_What this task involves_
Pictures in the entries below are excluded; copy only the lines from the one containing "Energielabel Guldenwaard 101 Rotterdam" to the one containing "SMILEY VINTAGE TRUCKER", both included.

_Material supplied_
· · · ·
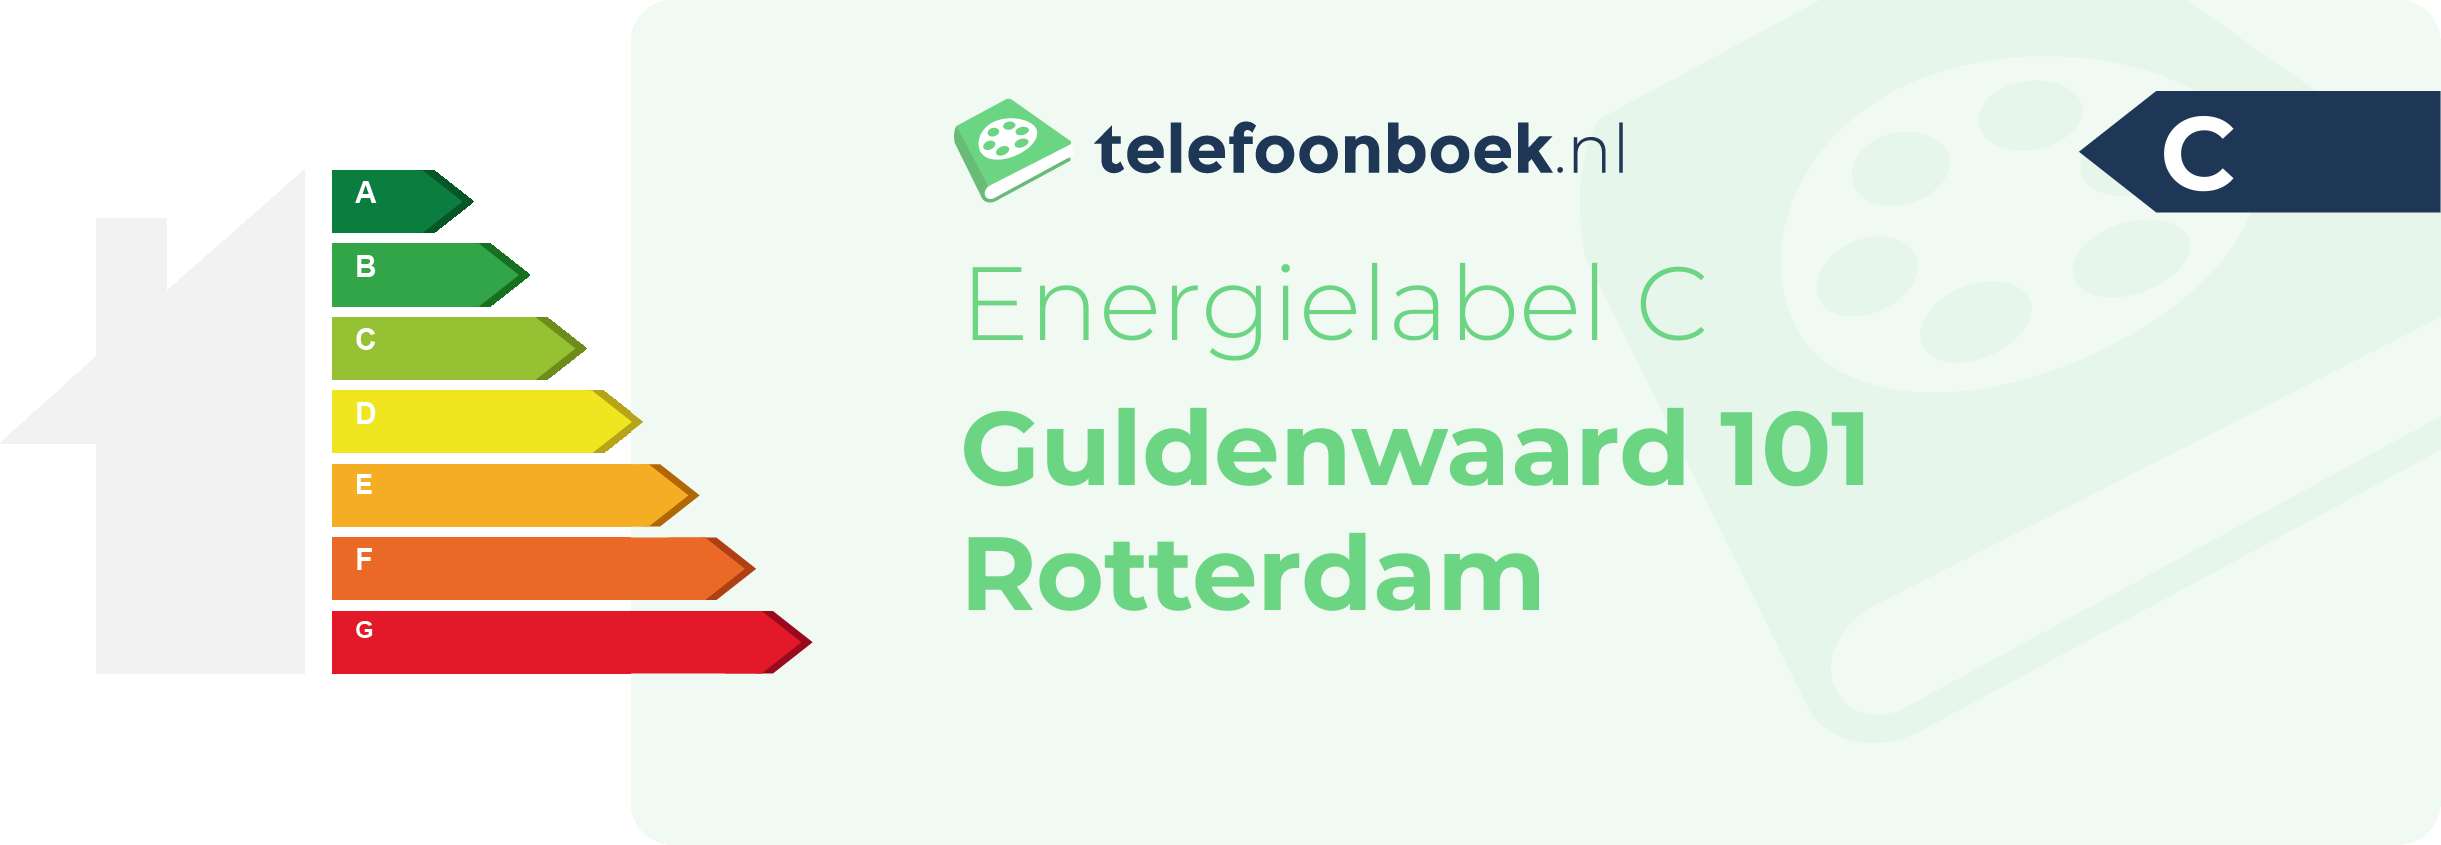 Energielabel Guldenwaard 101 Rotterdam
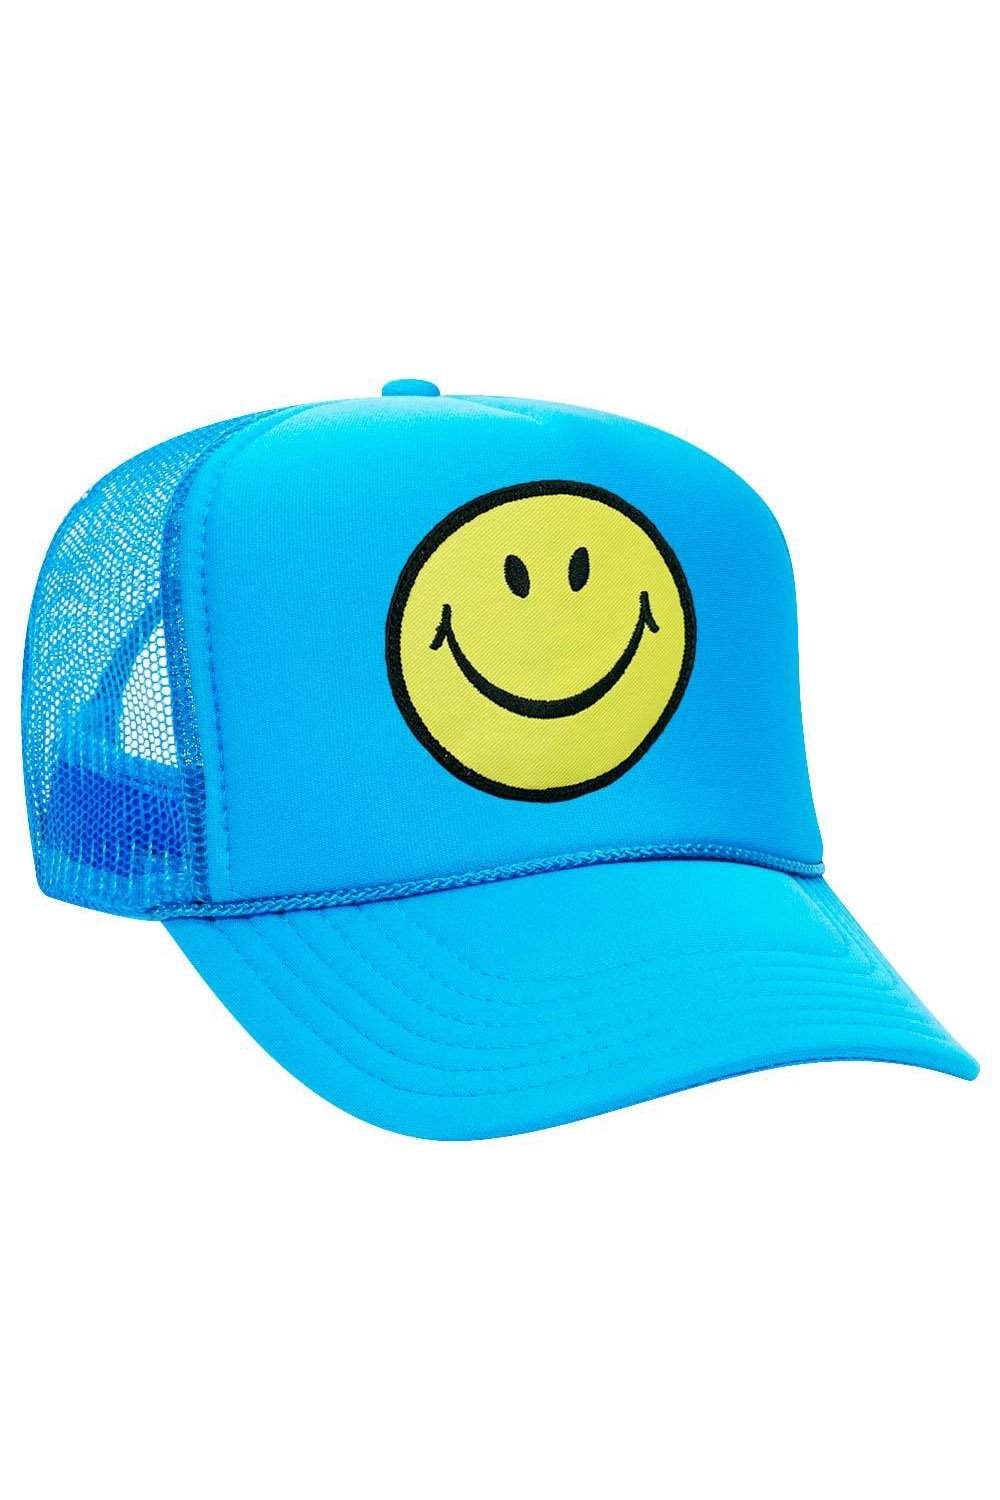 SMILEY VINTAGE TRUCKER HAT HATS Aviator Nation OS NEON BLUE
· · · ·
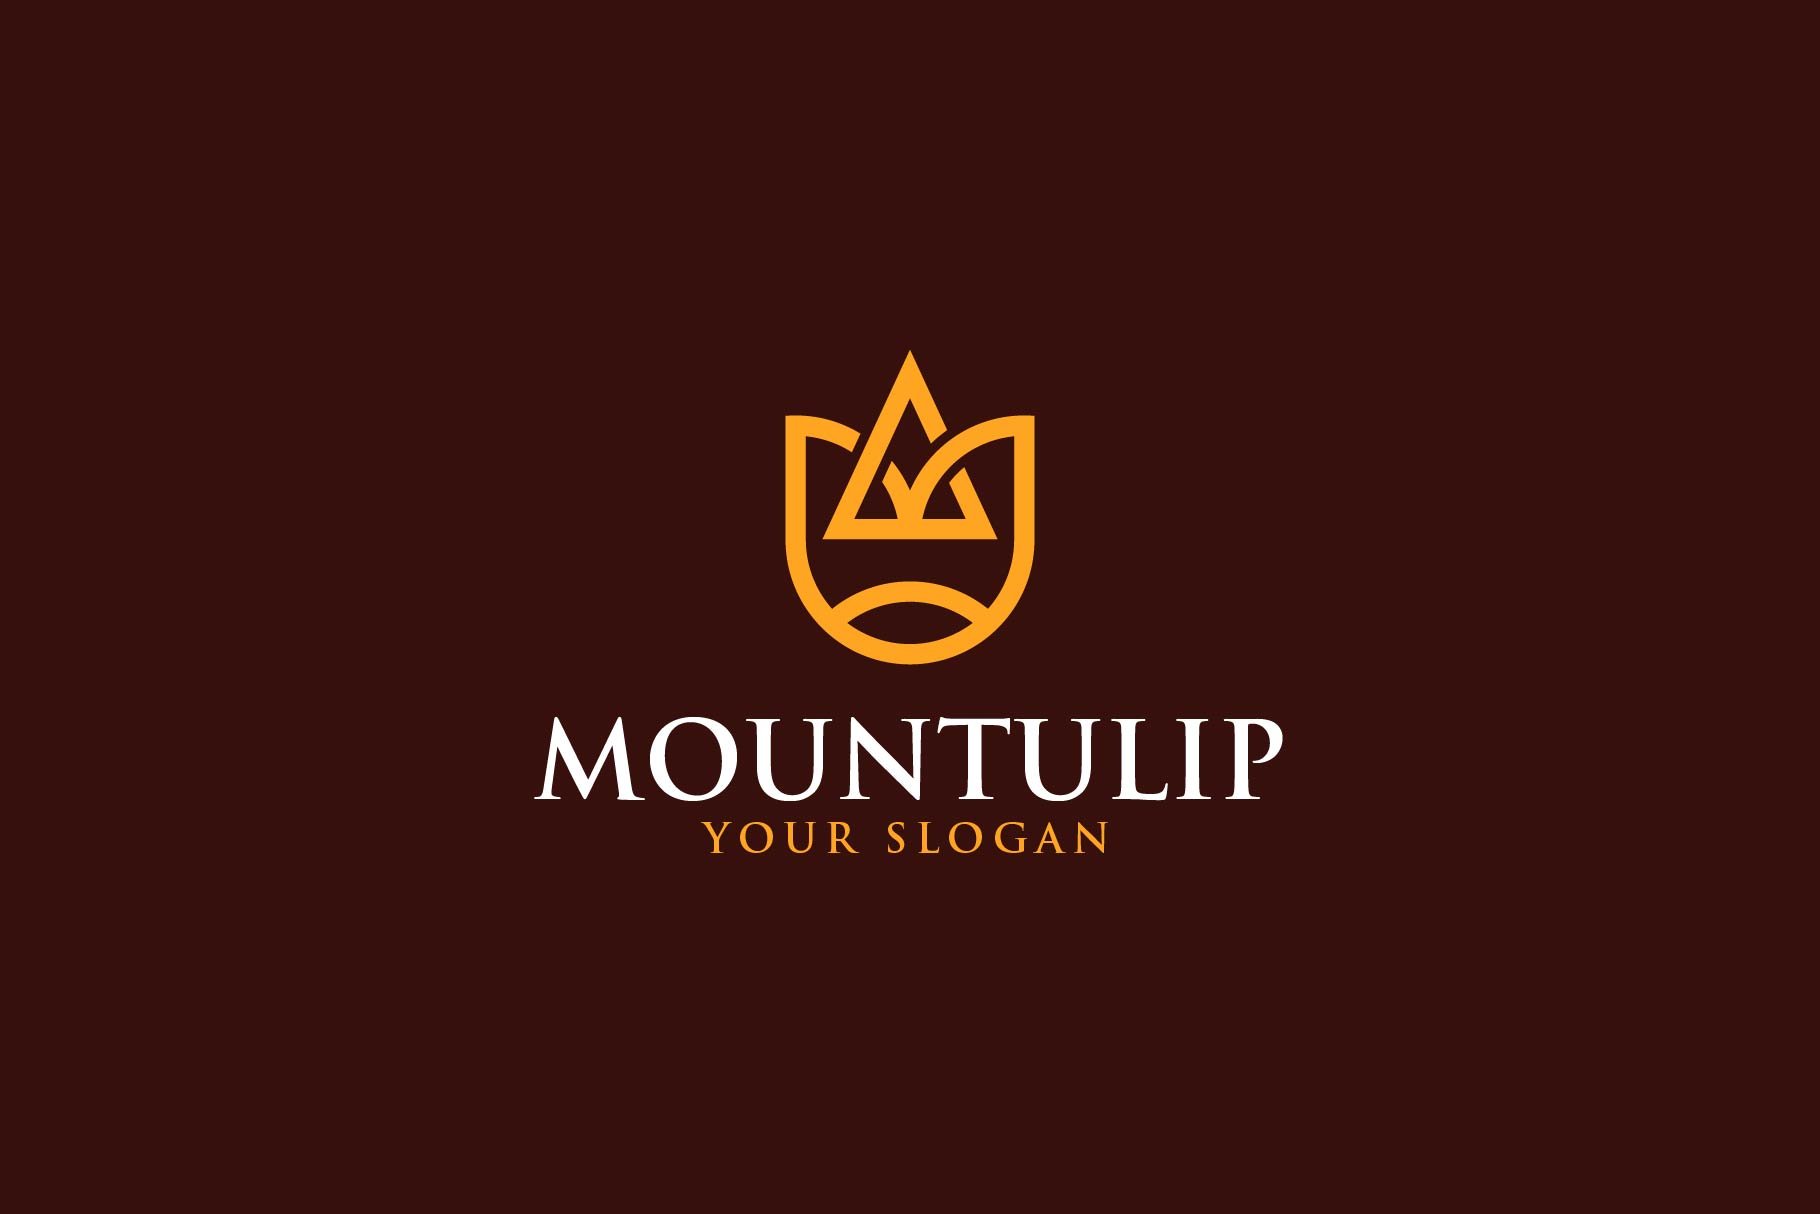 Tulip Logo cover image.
· · · ·
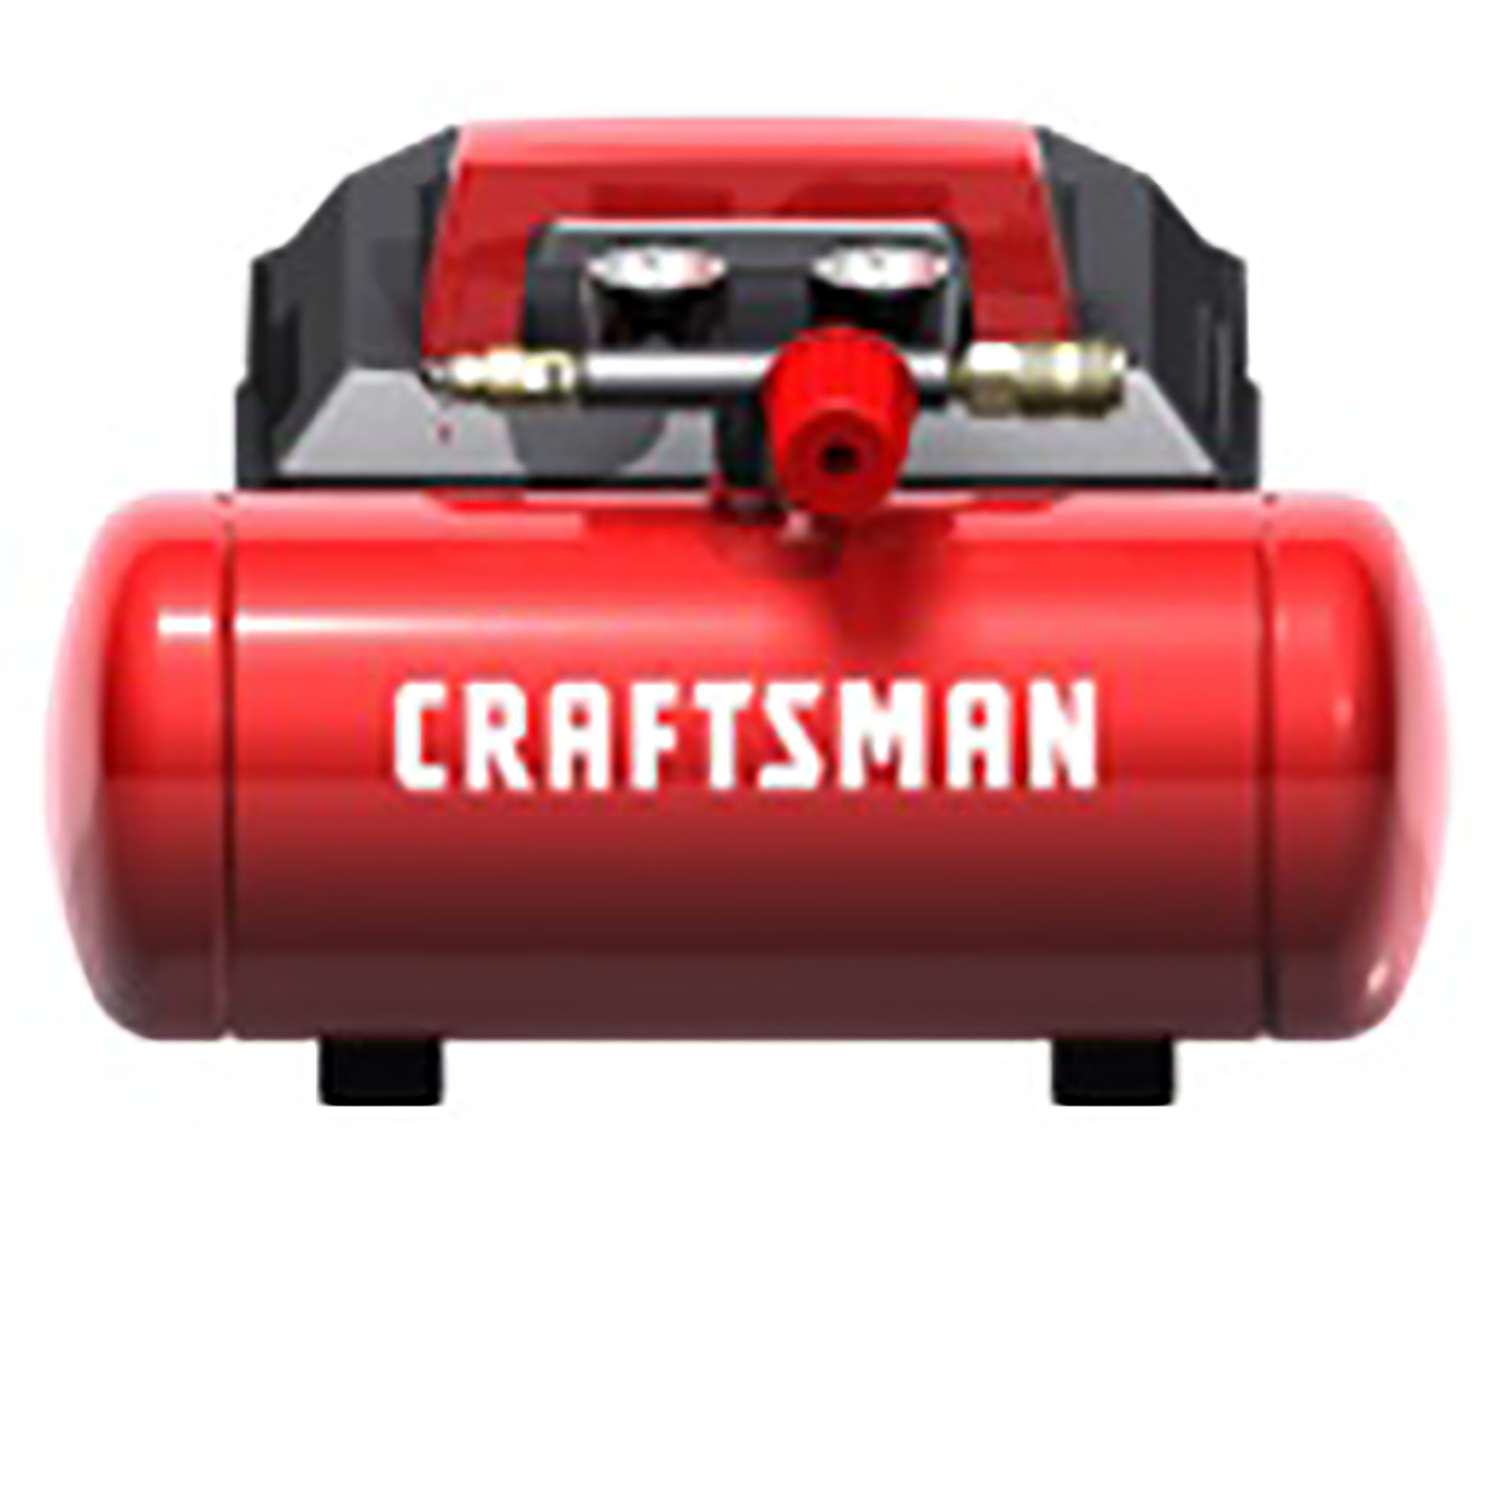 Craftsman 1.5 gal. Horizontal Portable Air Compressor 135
· · · ·
_Response area_
 Energielabel Guldenwaard 101 Rotterdam
 SMILEY VINTAGE TRUCKER HAT HATS Aviator Nation OS NEON BLUE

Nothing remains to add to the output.